From the very beginning, women have stuck their necks out for equality with varying degrees of success. In the early days of rodeo, some cowtowns recognized the ability women possessed and ditched the beauty pageants typically held for cowgirls. Instead, they held contests like bronc riding, cutting or barrel racing, but those events were few and far between. From the early days of competing for a cigarette case to competing for thousands of dollars of added money and incentive programs provided by the sponsorships secured by the WPRA over the last several decades the face of women in rodeo has certainly changed. Today’s contestants are breaking records, influencing history, and paving a bright future for the future cowgirls.

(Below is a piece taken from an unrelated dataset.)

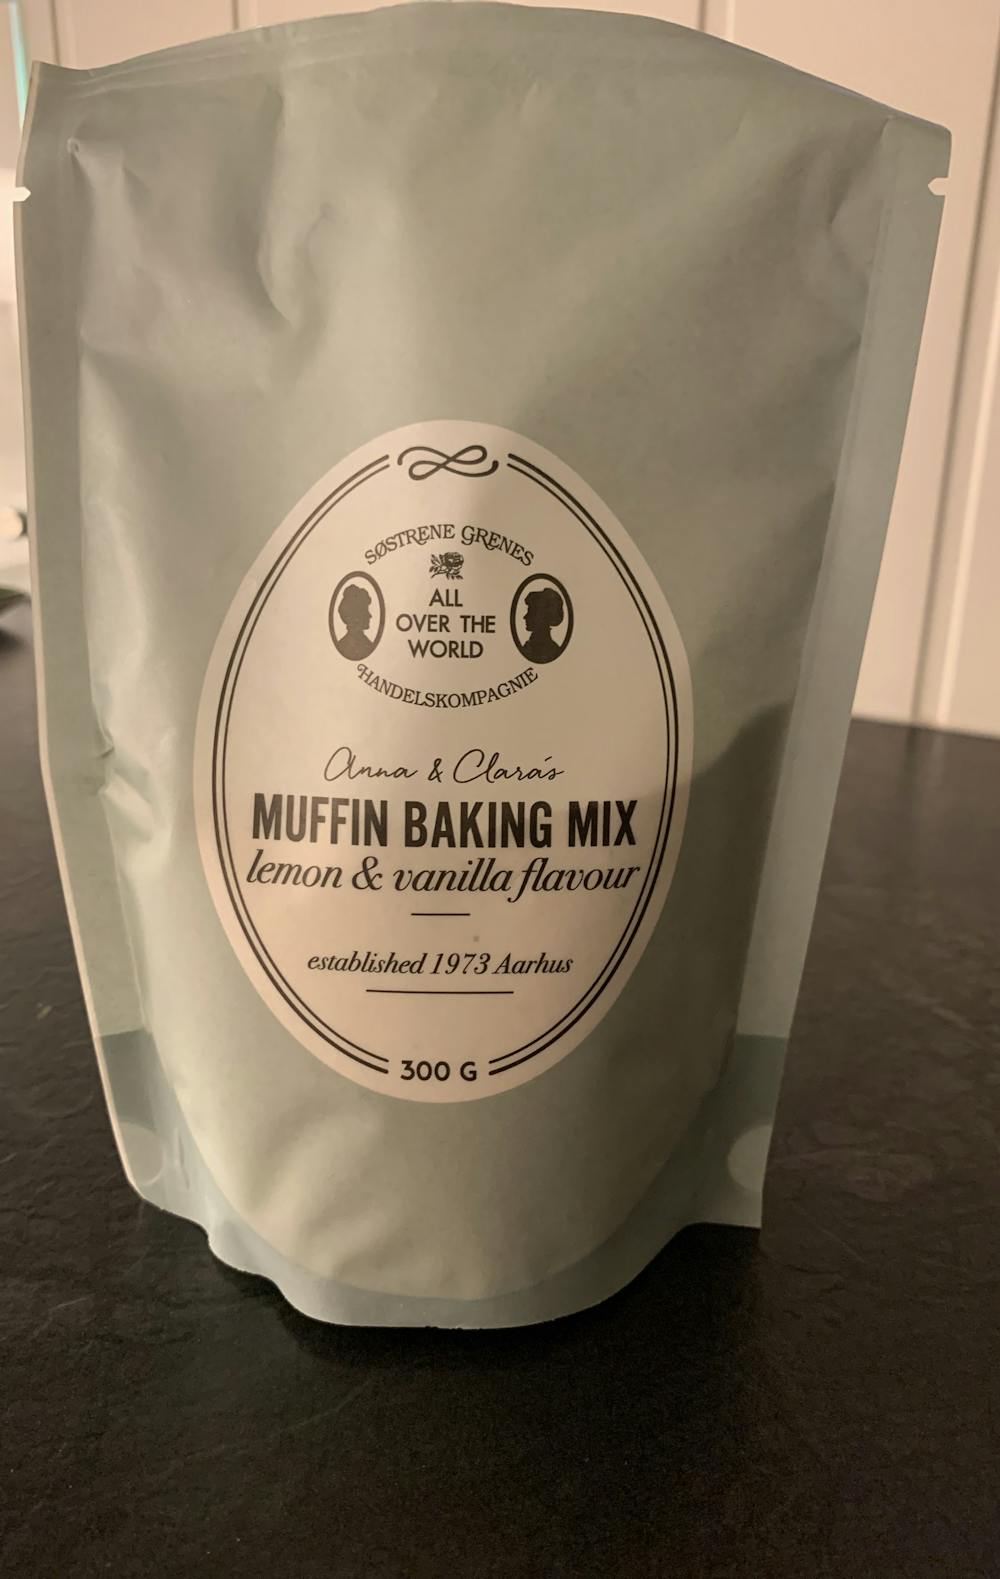 Muffin baking mix, Søstrene Grene
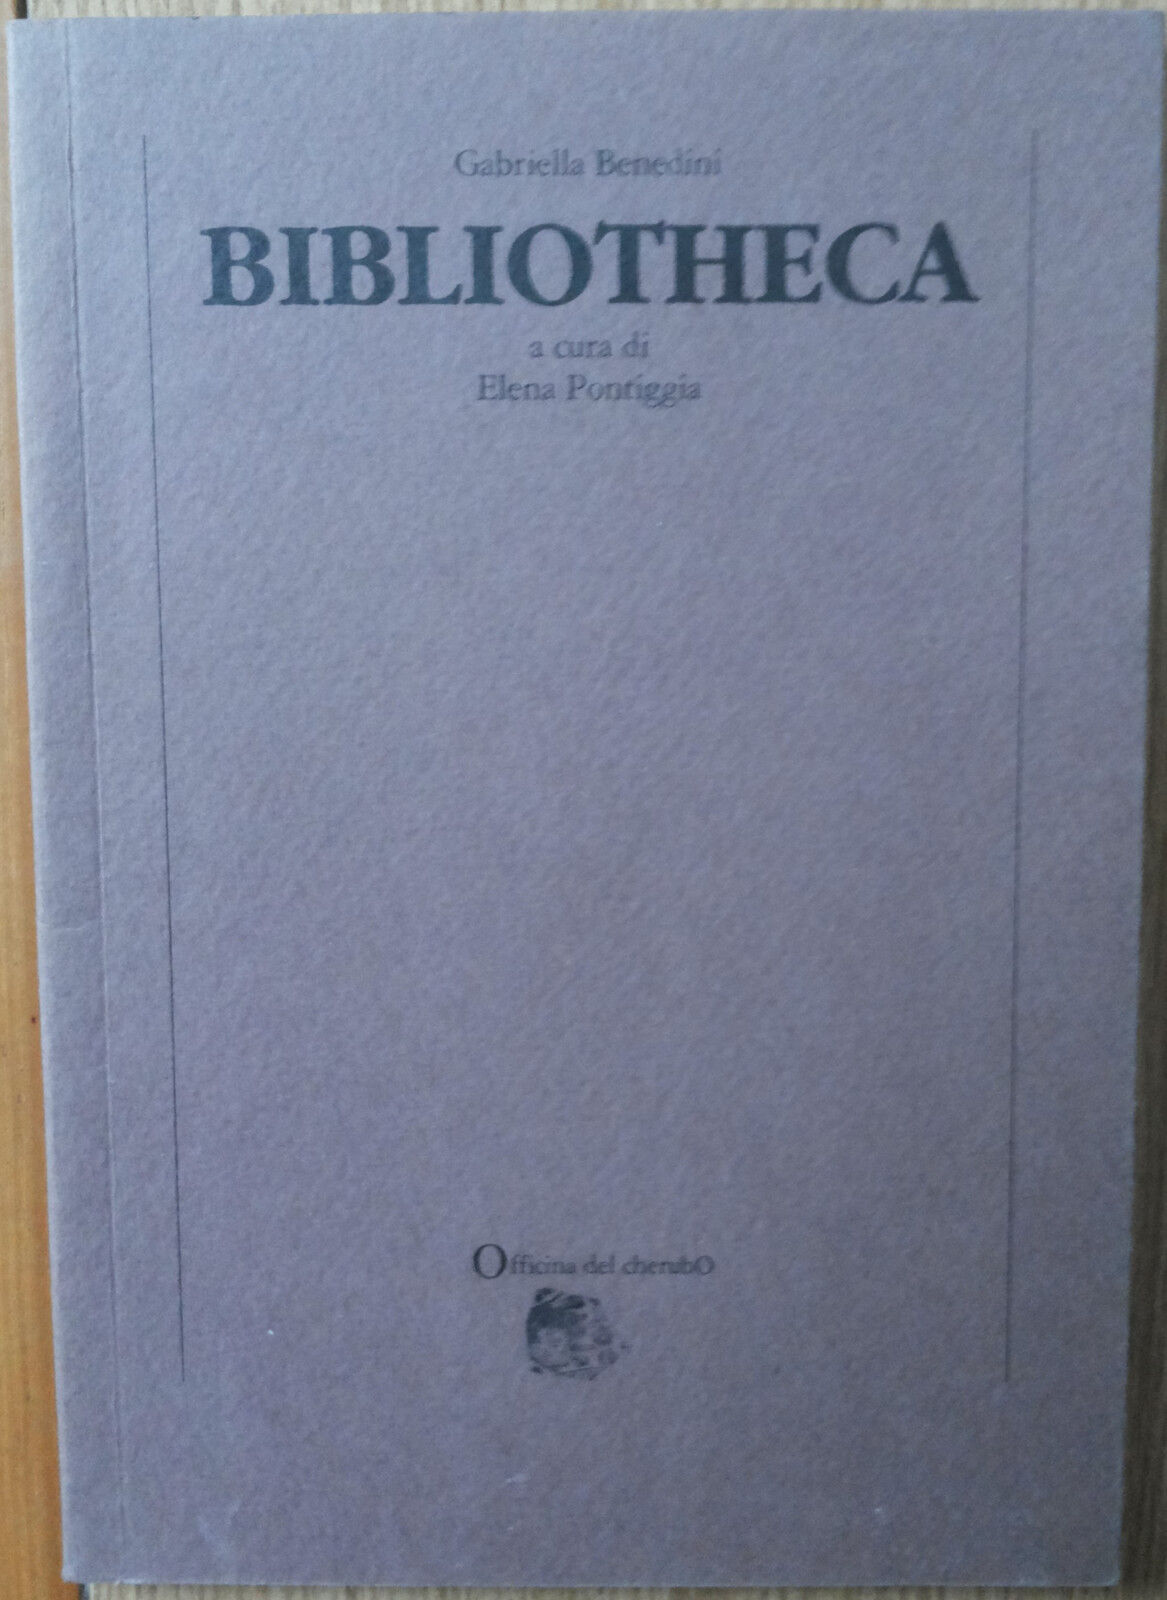 Bibliotheca - Benedini - Officina del cherubo,1990 - R

The benefits the contestants receive today would not have been imaginable had it not been for a courageous band of women who roughed it out in the early days of rodeo. In addition, that courage would have been fruitless if it weren’t for the leaders who have stepped forward to accept the WPRA’s baton year after year. Their refusal to take “no” for an answer serves to inspire future generations to recognize and then work to harness the potential of women in rodeo and uphold the iconic legacy of the West.

When it comes to the cowgirls of the WPRA, some barriers are simply meant to be broken.